Rhubarb dump cake is a simple and delicious dessert that combines the tartness of rhubarb with the sweetness of cake. There are variations of this recipe, some incorporating flavored gelatin (Jell-O) and others omitting it.
Below is a traditional recipe that includes strawberry-flavored gelatin, followed by advice on making the cake without gelatin.
Rhubarb Dump Cake with Strawberry Jell-O
Ingredients:
- 4 cups chopped rhubarb (fresh or frozen)
- 1 cup granulated sugar
- 1 (3-ounce) package strawberry-flavored gelatin (Jell-O)
- 1 box yellow or white cake mix
- 1/2 cup (1 stick) unsalted butter, melted
- 1 cup water
Instructions:
Prepare the Oven: Preheat your oven to 350°F (175°C).
Layer the Rhubarb: Evenly spread the chopped rhubarb at the bottom of a 9×13-inch baking dish.
Add Sugar and Gelatin: Sprinkle the granulated sugar over the rhubarb, followed by the dry strawberry-flavored gelatin mix.
Add Cake Mix: Evenly distribute the dry cake mix over the rhubarb and sugar layers.
Add Butter and Water: Drizzle the melted butter over the cake mix. Then, pour the water evenly over the top.
Bake: Place the dish in the preheated oven and bake for 45-50 minutes, or until the top is golden brown and the filling is bubbly.
Serve: Allow the cake to cool for at least 30 minutes before serving. Enjoy it warm, optionally topped with vanilla ice cream or whipped cream.
Making Rhubarb Dump Cake Without Jell-O
If you prefer to make a rhubarb dump cake without using flavored gelatin, you can achieve a delightful dessert by following these adjustments:
Increase the Sugar: Since the flavored gelatin adds sweetness and flavor, you’ll need to compensate by increasing the sugar. Sprinkle 1 to 1.5 cups of granulated sugar over the rhubarb, depending on your sweetness preference and the tartness of the rhubarb.
Add Cornstarch: To thicken the fruit juices and prevent the dessert from becoming too runny, mix 1 to 2 tablespoons of cornstarch with the sugar before sprinkling it over the rhubarb.
Incorporate Additional Flavors: For added depth of flavor, consider mixing in 1 teaspoon of ground cinnamon or a splash of vanilla extract with the sugar.
By making these adjustments, you can create a delicious rhubarb dump cake that highlights the natural tartness of the rhubarb without the added flavor from gelatin.
Considerations for Both Versions
- Fruit Variations: You can combine rhubarb with other fruits like strawberries or apples to add complexity to the flavor.
- Cake Mix Options: While yellow or white cake mix is traditional, experimenting with flavors like vanilla or spice cake mix can offer a unique twist.
- Serving Suggestions: Both versions of the dump cake pair wonderfully with vanilla ice cream or whipped cream.
Ultimately, the choice between using flavored gelatin or not depends on your flavor preferences and desired sweetness. The gelatin version imparts a fruity flavor and vibrant color, while the non-gelatin version offers a more straightforward rhubarb taste.
FAQs
Rhubarb dump cake is a simple and delicious dessert that combines the tartness of rhubarb with the sweetness of cake.
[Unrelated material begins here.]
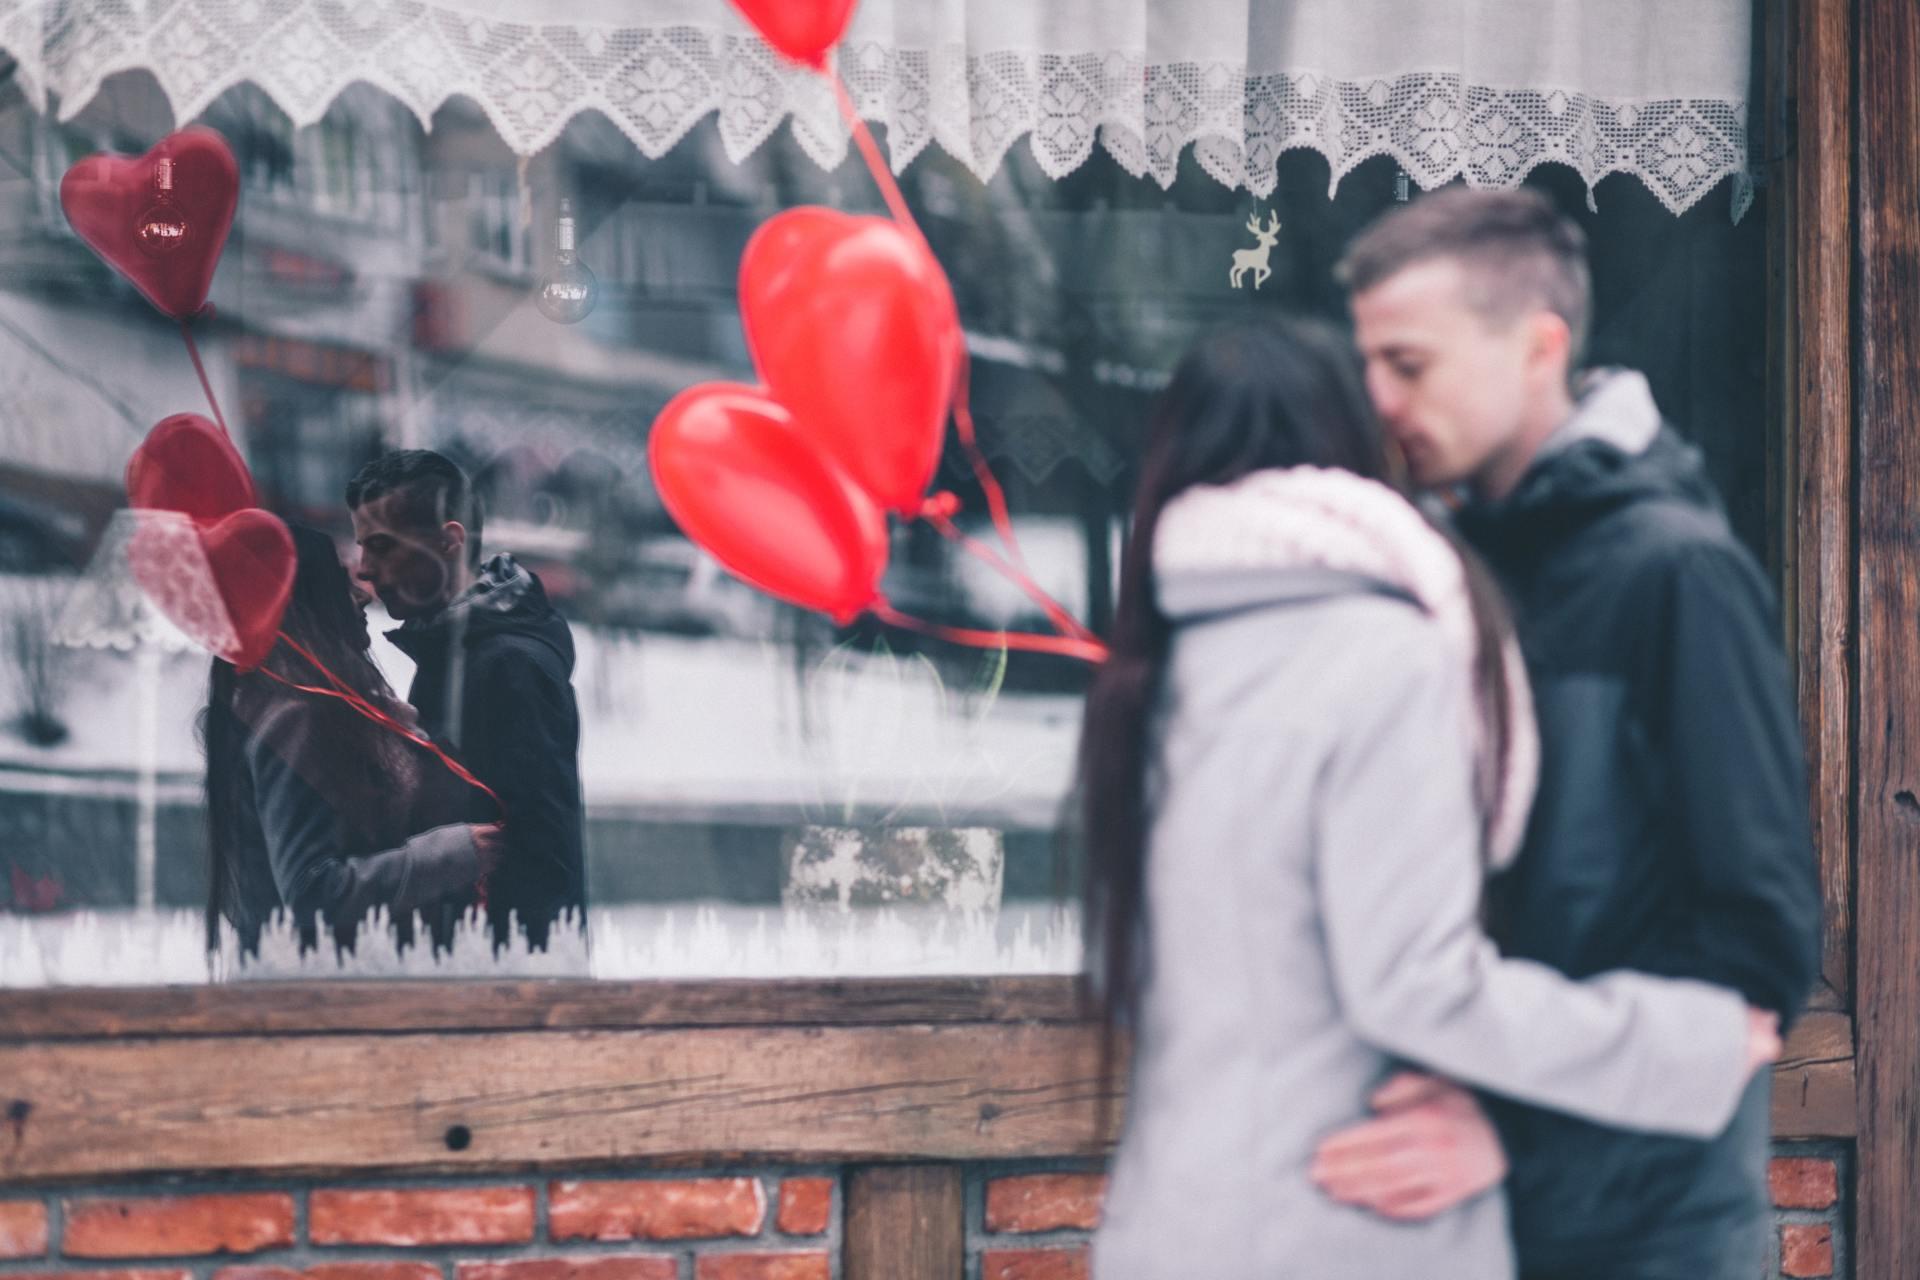 A couple who celebrate Valentine's Day
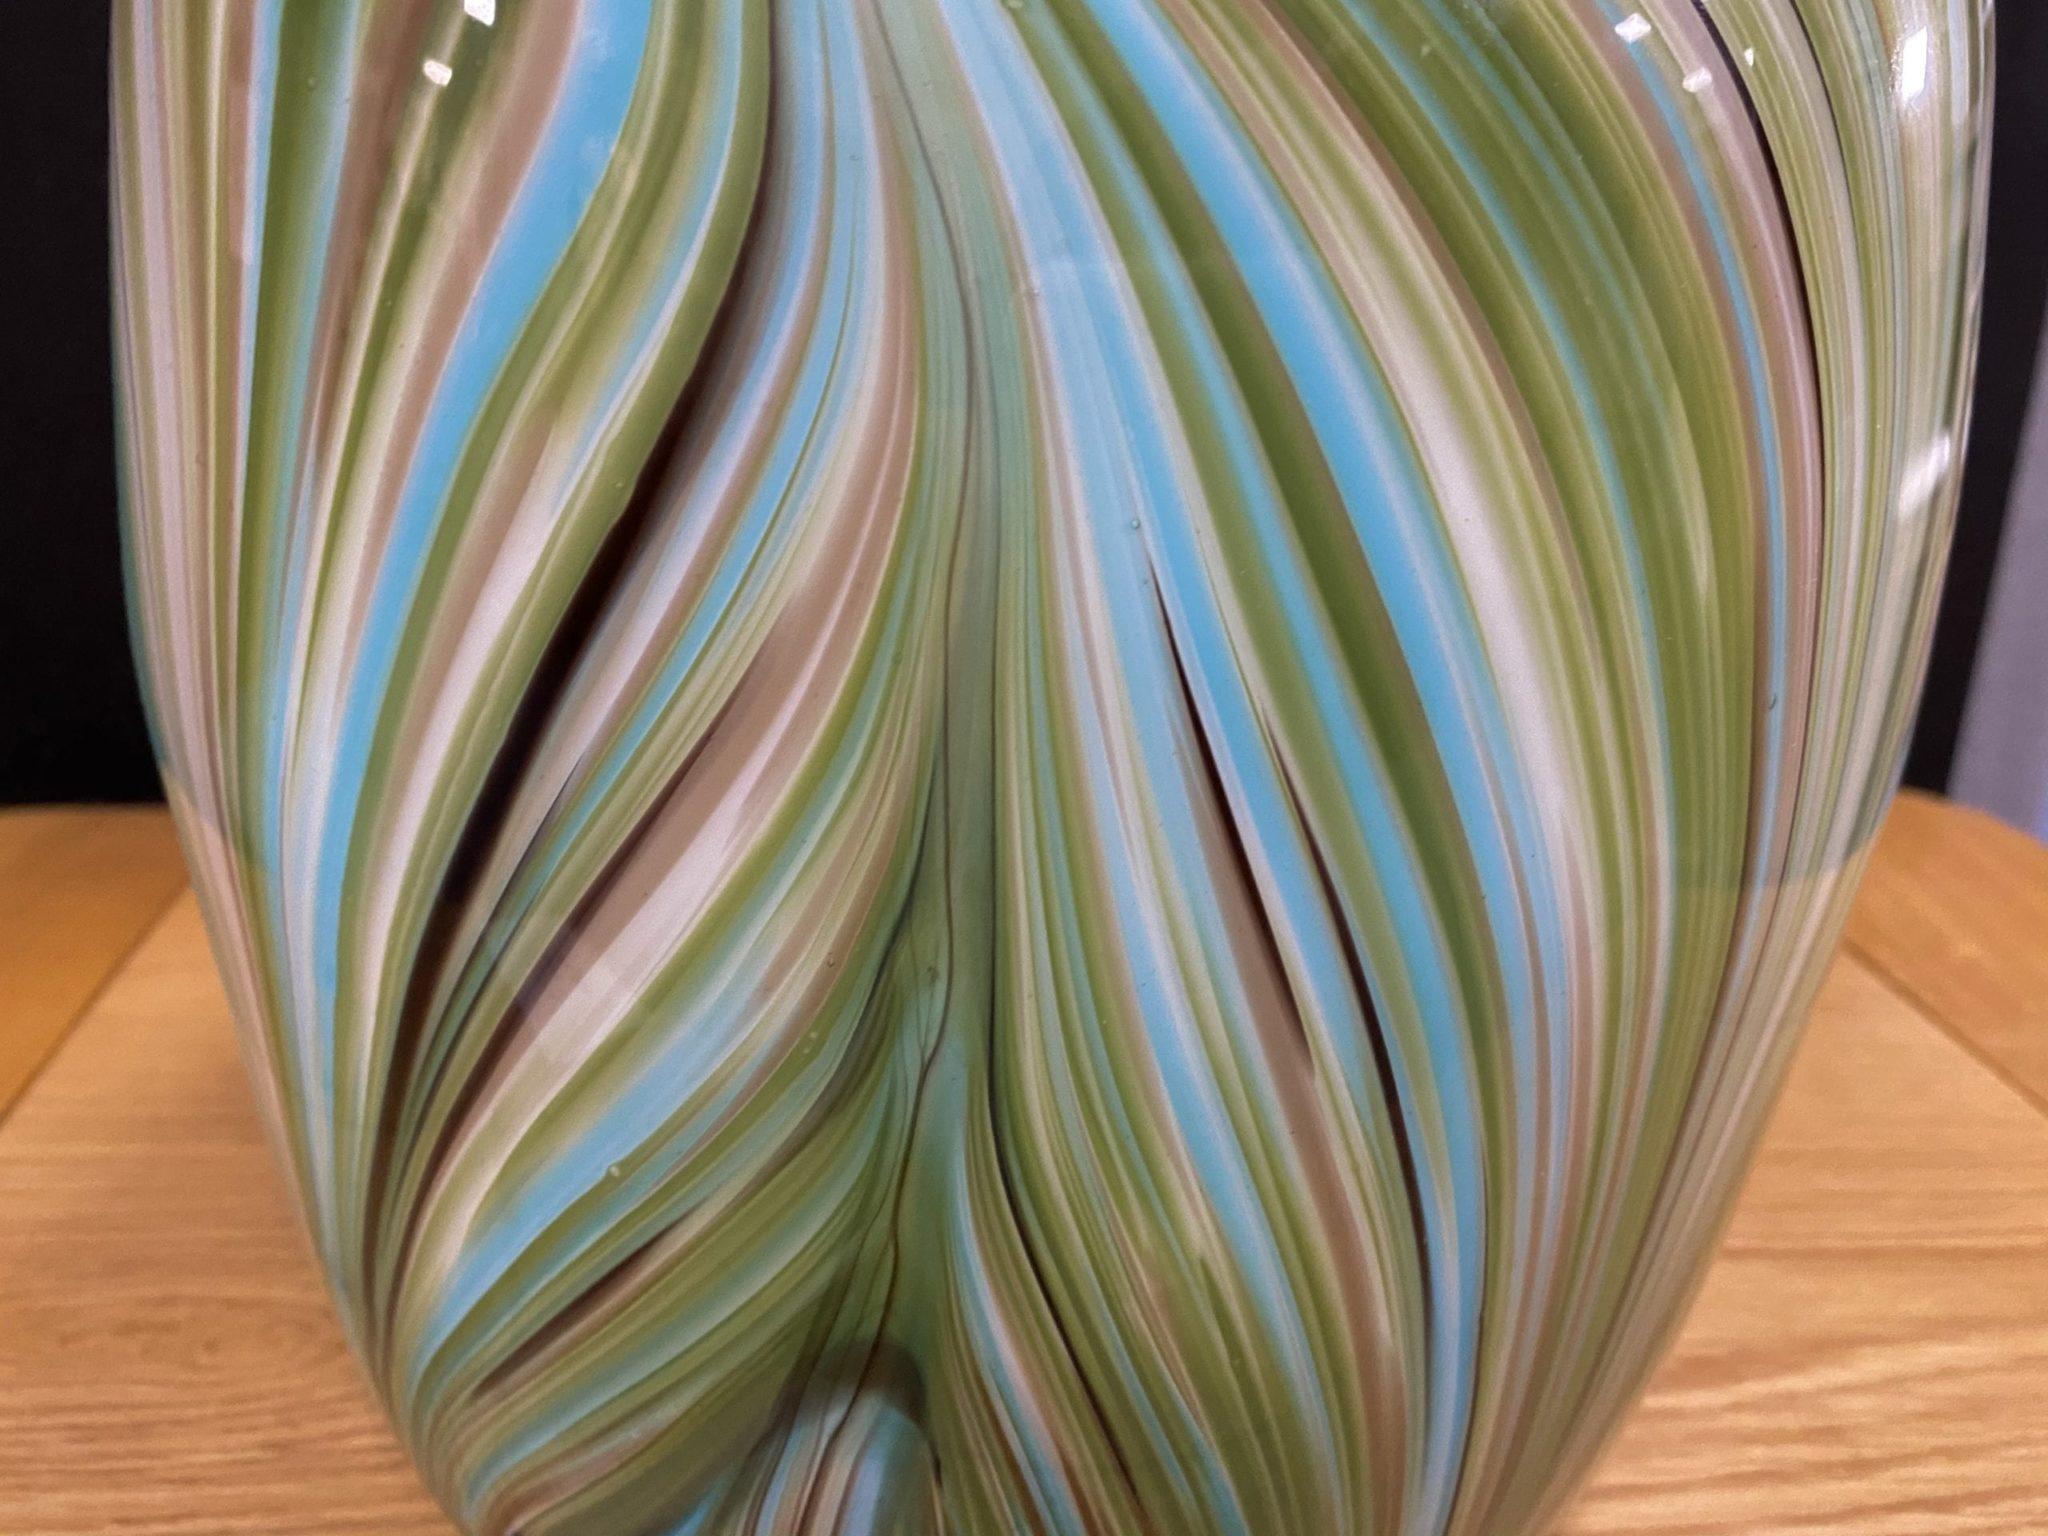 Waves of green vase close up

Here are five frequently asked questions about rhubarb dump cake, along with their answers:
1. Can I use frozen rhubarb for rhubarb dump cake?
Yes, you can use frozen rhubarb in a rhubarb dump cake. There’s no need to thaw it before baking; simply add the frozen rhubarb directly to the baking dish. This method works well and doesn’t significantly affect the texture of the finished cake.
2. Does rhubarb dump cake need to be refrigerated?
After baking and cooling, it’s recommended to refrigerate rhubarb dump cake. Cover the cake with plastic wrap or foil and store it in the refrigerator to maintain freshness and prevent spoilage.
3. How long does rhubarb dump cake last?
When stored properly in the refrigerator, rhubarb dump cake can last up to several days. Some bakers even suggest that the flavor improves after being refrigerated overnight.
4. Can I freeze rhubarb dump cake?
Yes, you can freeze rhubarb dump cake. After baking, allow the cake to cool completely. Then, wrap individual portions tightly with plastic wrap and aluminum foil to prevent freezer burn. Label each portion with the date and contents.
When ready to enjoy, thaw the cake in the refrigerator overnight or at room temperature for a few hours before reheating.
5. What type of cake mix should I use for rhubarb dump cake?
While yellow or white cake mix is commonly used for rhubarb dump cake, you can experiment with other flavors like vanilla or spice cake mix to add a unique twist to the dessert.
These insights should help you prepare and enjoy a delightful rhubarb dump cake.